Vietnam or Thailand ? Vote for the TOP Country of the Week !

Updated: May 29, 2025


"I can easily see," said Ramchundra, when she had ended the tale, "that my uncles must have met a Rakshas somewhere in the forest and have been enchanted. Tell me exactly where the tree was the tree where you lived and what kind it was?" The Ranee told him. "And in which direction did your brothers go when they left you?" This also his mother told him.

Ramchundra, looking back and perceiving that she was gaining upon him, waved the enchanted wand and created a great river, which suddenly rolled its tumultuous waves between them; but, quick as thought, the Rakshas swam the river. Then he turned, and waving the wand again, caused a high mountain to rise between them; but the Rakshas climbed the mountain.

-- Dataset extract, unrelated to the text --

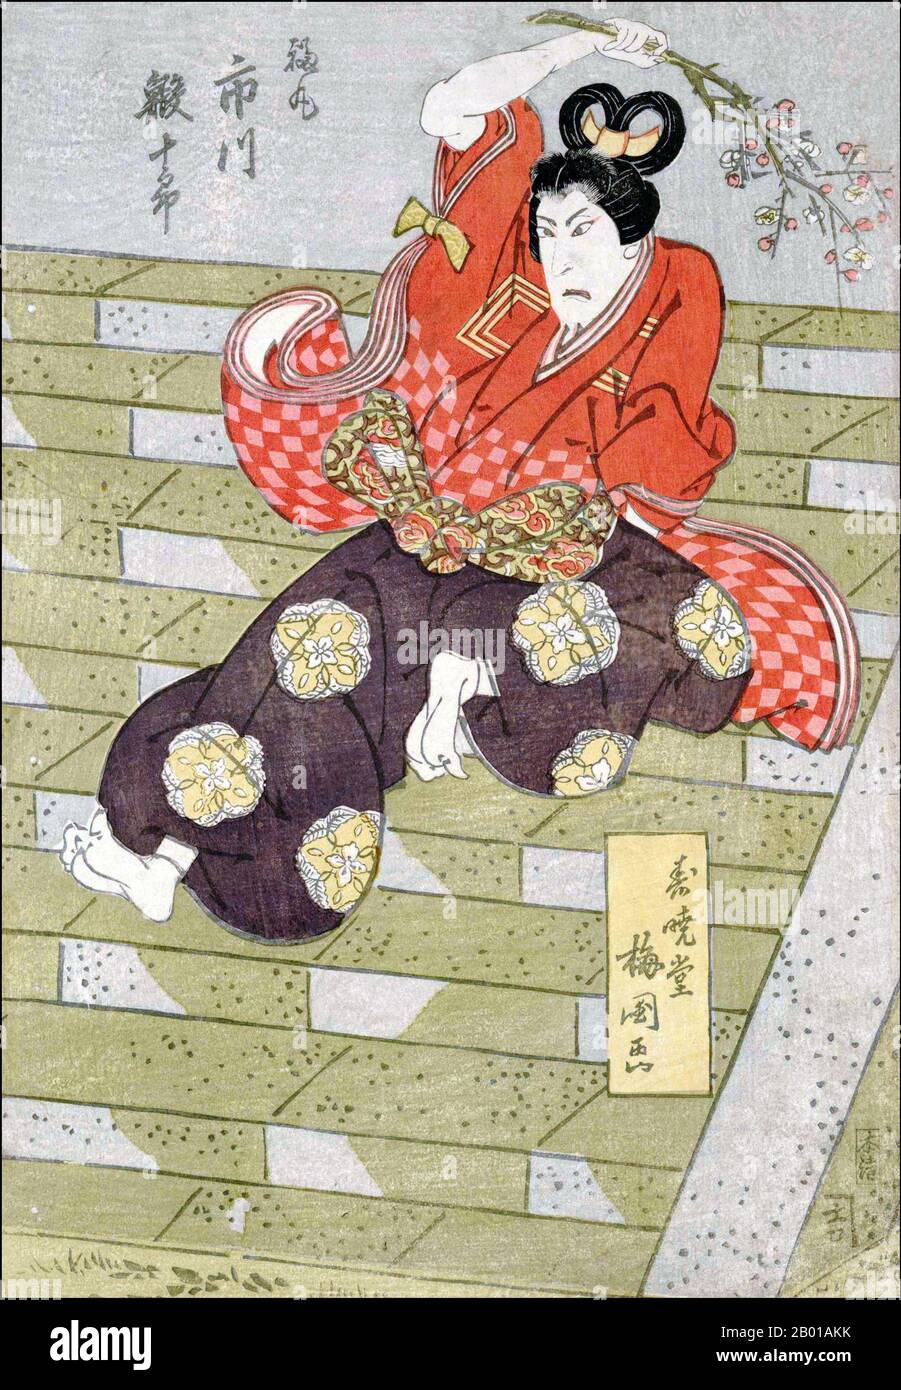 Japon: L'acteur Ichikawa Ebijuro. Impression de blocs de bois Ukiyo-e par Toyokawa Umekuni (fl. Début-mi-19th siècle), 1820. Ukiyo-e, littéralement « images du monde flottant », est un genre de gravures japonaises sur bois (ou coupes de bois) et de peintures produites entre les 17th et 20th siècles, avec des motifs de paysages, des contes de l'histoire, du théâtre, et des quartiers de plaisir. C'est le principal genre artistique de l'impression de blocs de bois au Japon. Habituellement, le mot ukiyo est littéralement traduit en anglais par « monde flottant », se référant à une conception d'un monde évanescent et d'une beauté impermanente et fugace. Banque D'Images

The Rajah consented, and Ramchundra set off riding toward the jungle; but as soon as he got there, he sent his horse back by the groom with a message to his parents and proceeded alone, on foot. After wandering about for some time he came upon a small hut, in which lay an ugly old woman fast asleep. She had long claws instead of hands, and her hair hung down all around her in a thick black tangle.

Nearer and nearer she came, and then the Prince turned and waved the crooked stick. At once a river rolled between him and the Rakshas. Without pause the Rakshas plunged into the river and struck out boldly, and soon she reached the other side. On she came again close after Ramchundra. Again he turned and waved the staff. At once a thick screen of trees sprang up between him and the hag.

She had a number of trees planted outside her windows so that her brothers might rest there close to her. She cooked rice for them herself and fed them with her own hands, and often she sat under the trees and stroked them and talked to them while her tears fell upon their glossy feathers. After a while the young Ranee had a son, and he was called Ramchundra.

Ramchundra, however, only allowed the groom to go with him as far as the edge of the jungle, and then he sent him back home again with both the horses. The Prince went on and on through the forest for a long distance until at last he came to a tree that he felt sure was the one his mother had told him of. From there he set forth in the same direction she told him his uncles had taken.

But one day, when Ramchundra was about fourteen years old, it happened that Draupadi Bai did not go to fetch him home from school as she was wont; and on his return he found her sitting under the trees in front of her palace, stroking the glossy black crows that flocked around her, and weeping.

When she arrived, her daughter, Draupadi Bai, and her hundred sons, with Draupadi Bai's husband and the young Ramchundra, went out to the gate to meet her, and conducted her into the palace with all honour.

"Why do you ask me these questions, my son?" she asked. "I wish to know," said Ramchundra, "for sometime I intend to set out and find that Rakshas and force her to free my uncles from her enchantment and change them back to their natural shapes again."

"Alas, no, my son," she said; "you are too young to help me; and as for my grief, I have never told it to any one. I cannot tell it to you now." But Ramchundra continued begging and praying her to tell him, until at last she did; relating to him all her own and his uncles' sad history; and lastly, how they had been changed by a Rakshas into the black crows he saw around him.